08-27-2002, 01:23 AM
If sub carrying torp is first, then carrier is sunk 80% of time by definition -- right?

If torp is in second sub, then 20% of time the carrier is sunk when the first sub is sunk; and (.8 * .6 = 0.48) and the carrier is sunk 48% of time when both subs get through the channel. 20% + 48% = 68% -- therefore I would send the torp with the first sub. It seems like there is really no need for the radar jamming sub -- it just makes things worse....

08-27-2002, 09:07 AM
I would send Torpedo first 2/3rds of time and would hope to have an 86.67% chance.

Please let me know if Im right, though Ive deliberately left out workings to let others try the problem.
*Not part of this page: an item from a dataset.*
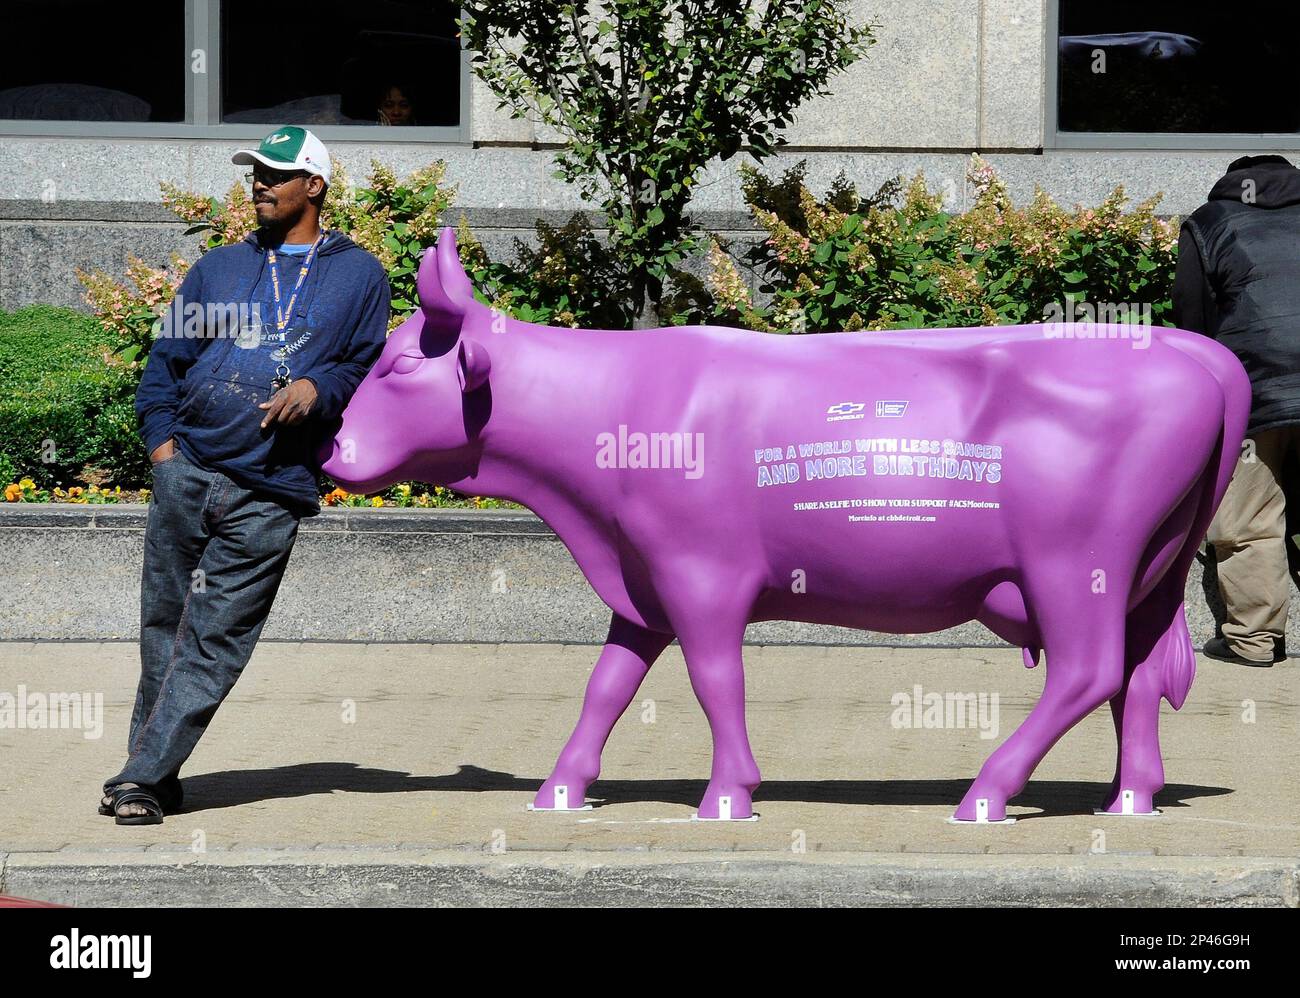 Carlos Gant takes a break while waiting for a ride next to a statue of a  purple cow in Detroit on Sept. 14, 2014. Statues of purple cows around  downtown Detroit are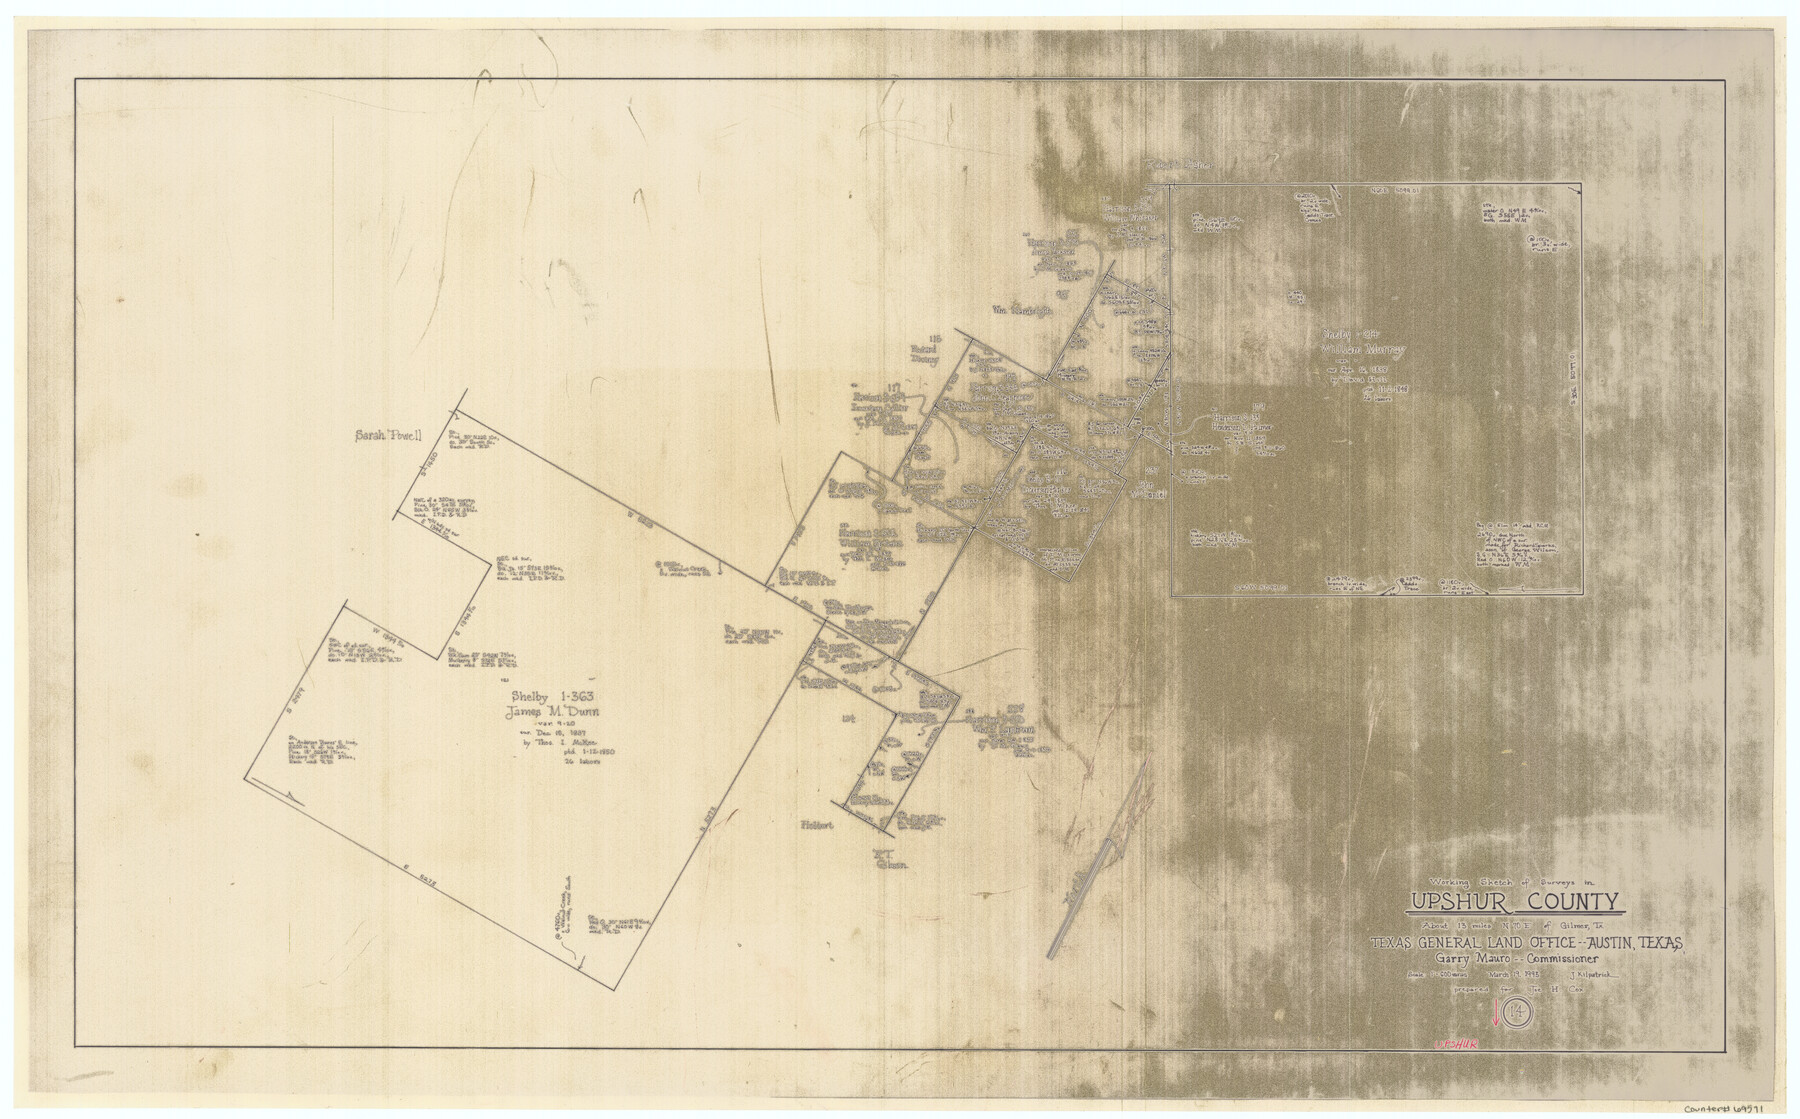 69571, Upshur County Working Sketch 14, General Map Collection

If I am right, you have taught me something (or at least re-taught, I think I knew all this many years ago)

08-27-2002, 09:19 AM

08-27-2002, 03:02 PM
we have to make our table to show the percentage probability the carrier is destroyed

our only two possible strategies are to put the torpedo in the first or the second sub

the enemy's choices are to attack the first or the second sub

<PRE> attack on first attack on second

torp in first 80 100

torp in second 100 60 </PRE>

using our algorithm (the mathematical word for a recipe that leads to the answer), as described in the previous problem, on the two columns, the differences are 80-100 = -20 and 100-60 = 40 which translates to proportions 40 and 20

therefore, we have to put our torpedos in the first submarine with the probability of 40/60 = 2/3 and in the second with probability 20/60 = 1/3

this gives us the maximum chance of success of 80 x (2/3) + 100 x (1/3) = 86.67%

there is NO enemy strategy that can reduce our chance of success below 86.67%

for example, if they always attacked the first sub, then we would succeed 80 x 2/3 + 100 x 1/3 = 86.67%

if they always attacked the second sub we would succeed 100 x 2/3 + 60 x 1/3 = 86.67%

if they attacked the first sub 1/2 times and the second 1/2 times we would succeed 1/2 x 2/3 x 80 + 1/2 x 2/3 x 100 + 1/2 x 1/3 x 60 + 1/2 x 1/3 x 100 = 86.67%

any naval officer who concludes that he should automatically put the torpedo in the first submarine because it has an 80% chance of success should be demoted - if not worse!